Suppose $u \in H^1_{\text{loc}}(\mathbb{R^2})$. I want to show that if $\Delta u = |\nabla u|^{3/2}$ in the distributional sense then $u \in C^{\infty}$.
I know that since $\nabla u \in L^2$ (I'll omit the $_{\text{loc}}$ subscripts) then $|\nabla u|^{3/2} \in L^{4/3}$ hence by standard regularity results for the Laplacian we get $u \in W^{2,4/3}$ then Sobolev embedding gives $u \in W^{1,4}$, so $|\nabla u |^{3/2} \in L^{8/3}$ hence (Laplacian regularity) $u \in W^{2,8/3}$ and so $u \in C^1$.
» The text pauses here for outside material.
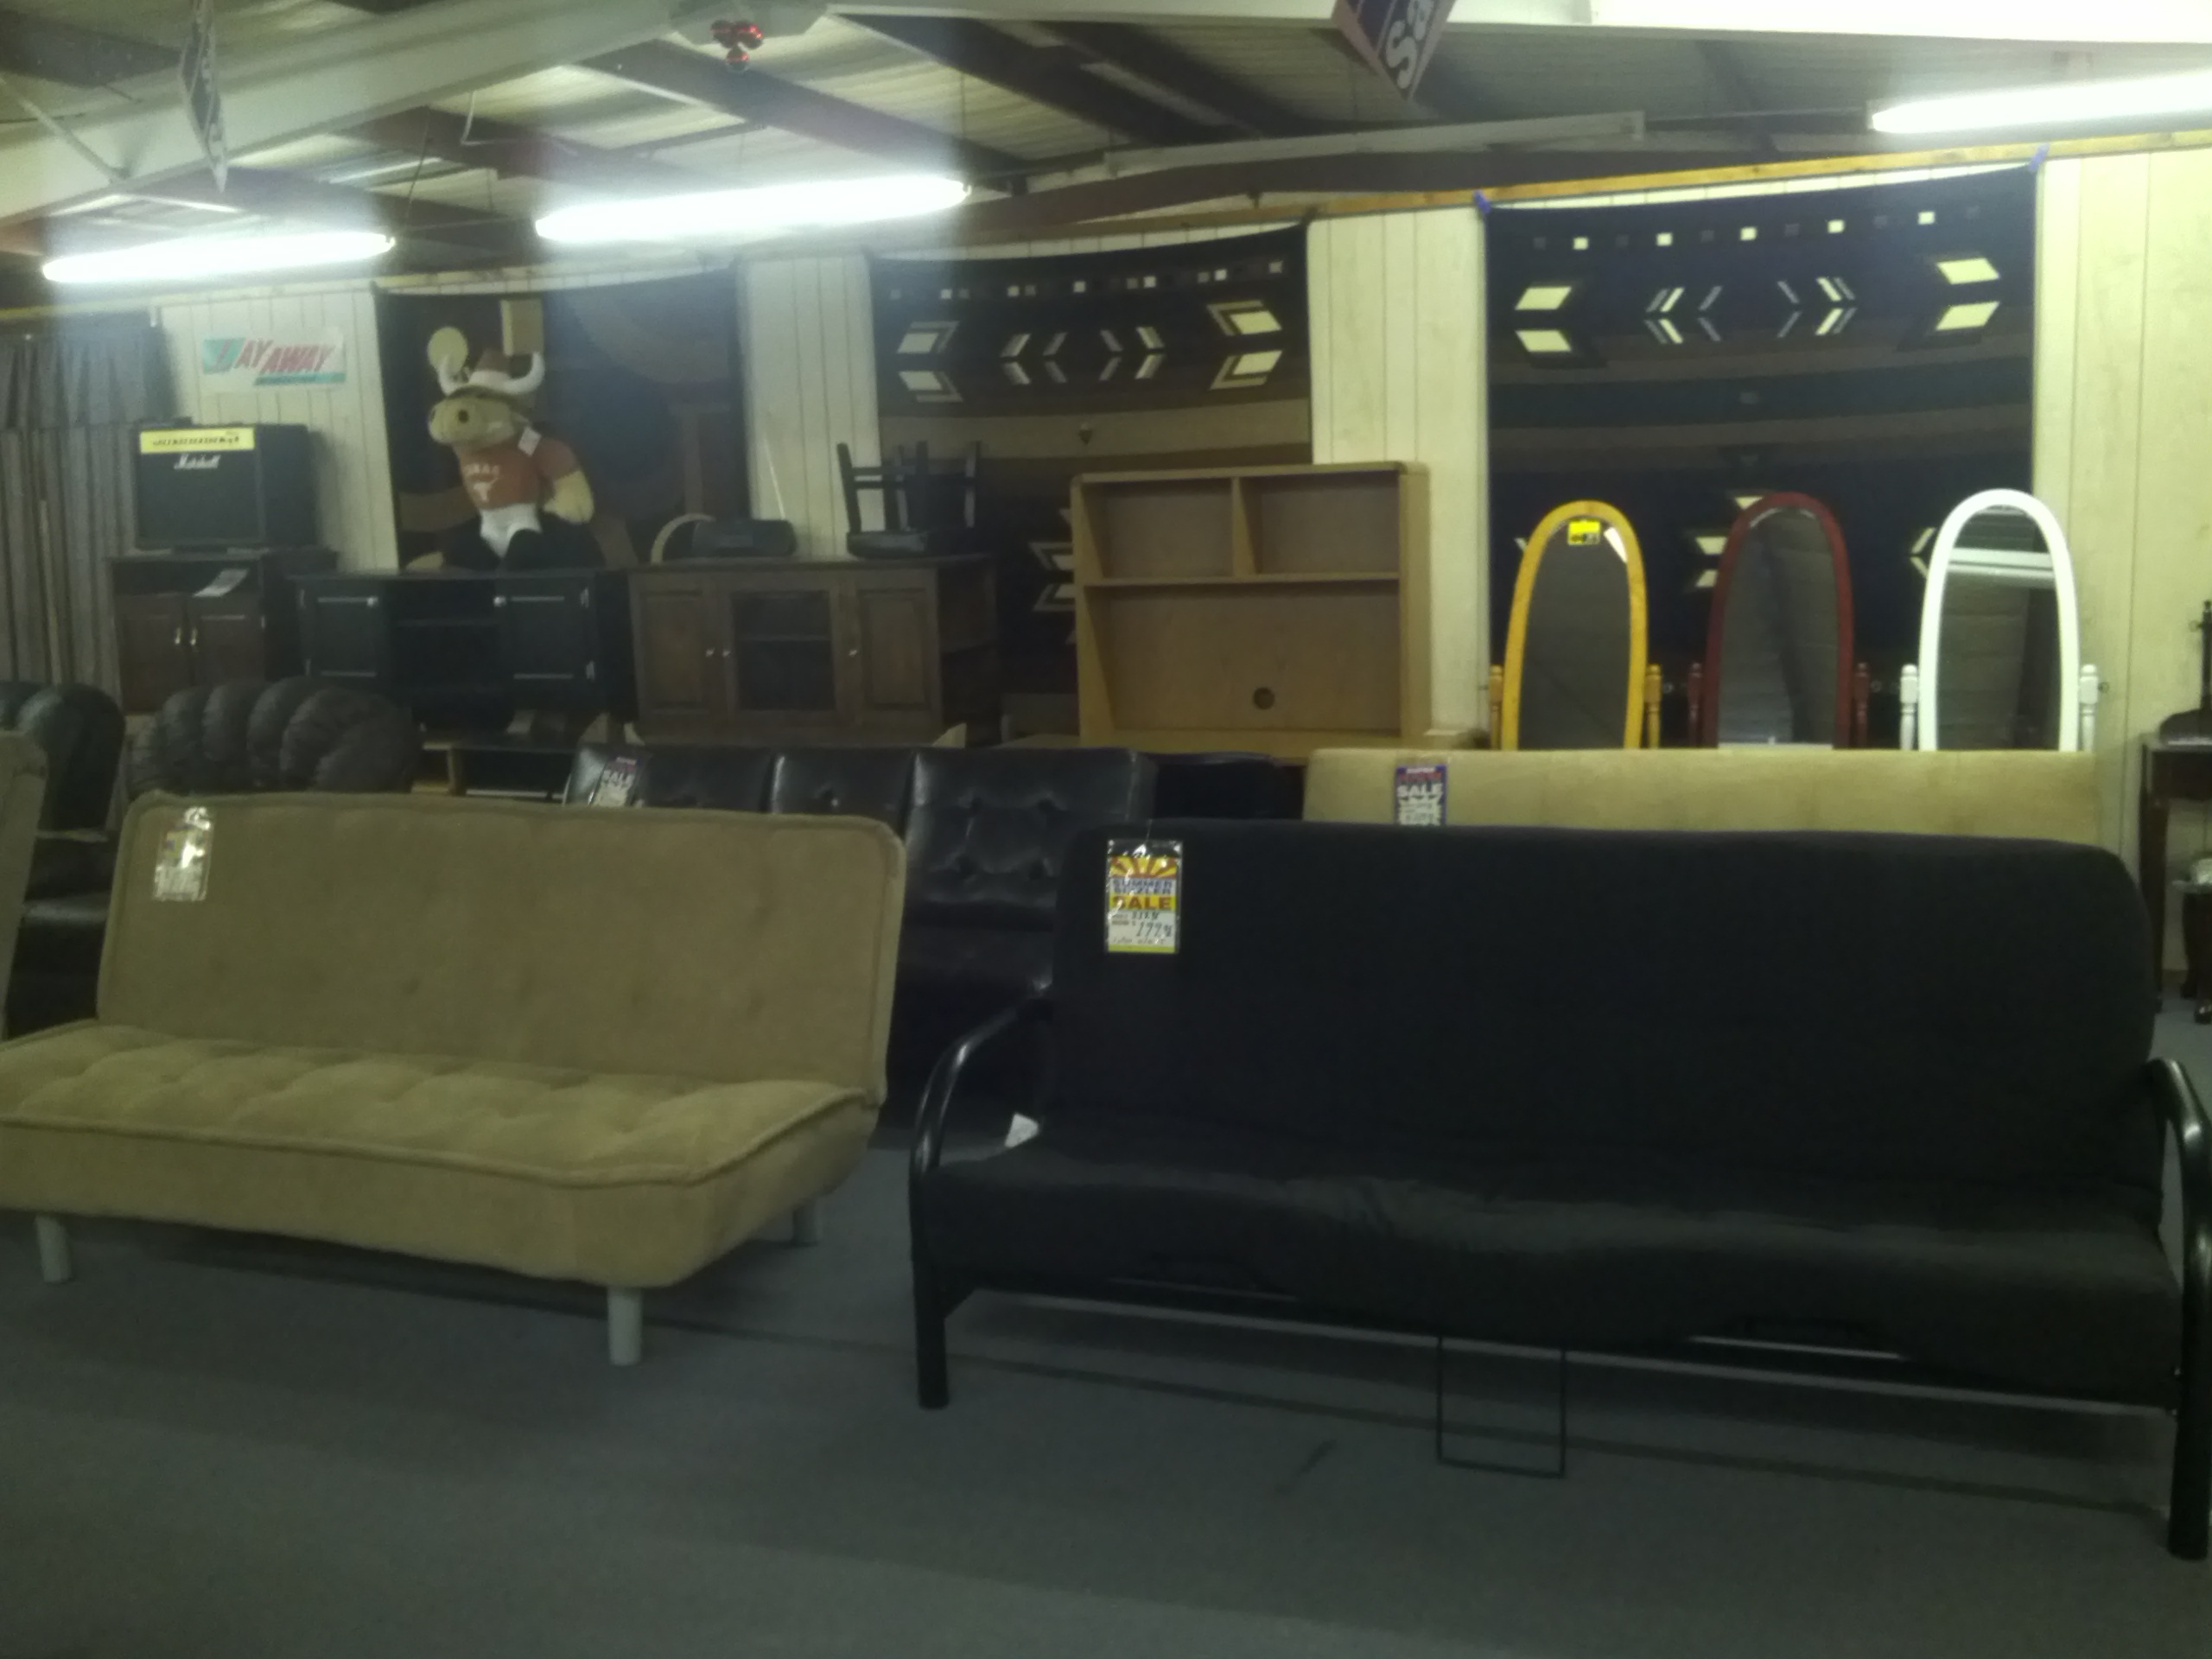 Centex Furniture In San Marcos Tx 512 392 2

If $u \in C^1$ then $|\nabla u|^{4/3}$ is continuous, so $u \in C^2$, then $|\nabla u|^{4/3}$ is $C^1$ and $u$ is $C^3$, but I don't know how to go further. $|x|^{4/3}$ is a $C^1$ function, but not more than that so I don't know how to continue my bootstrapping. If the right hand side was some smooth function of $\nabla u$ then it would be fairly simple, but it's not the case here - I'd be grateful for suggestions on how to deal with that.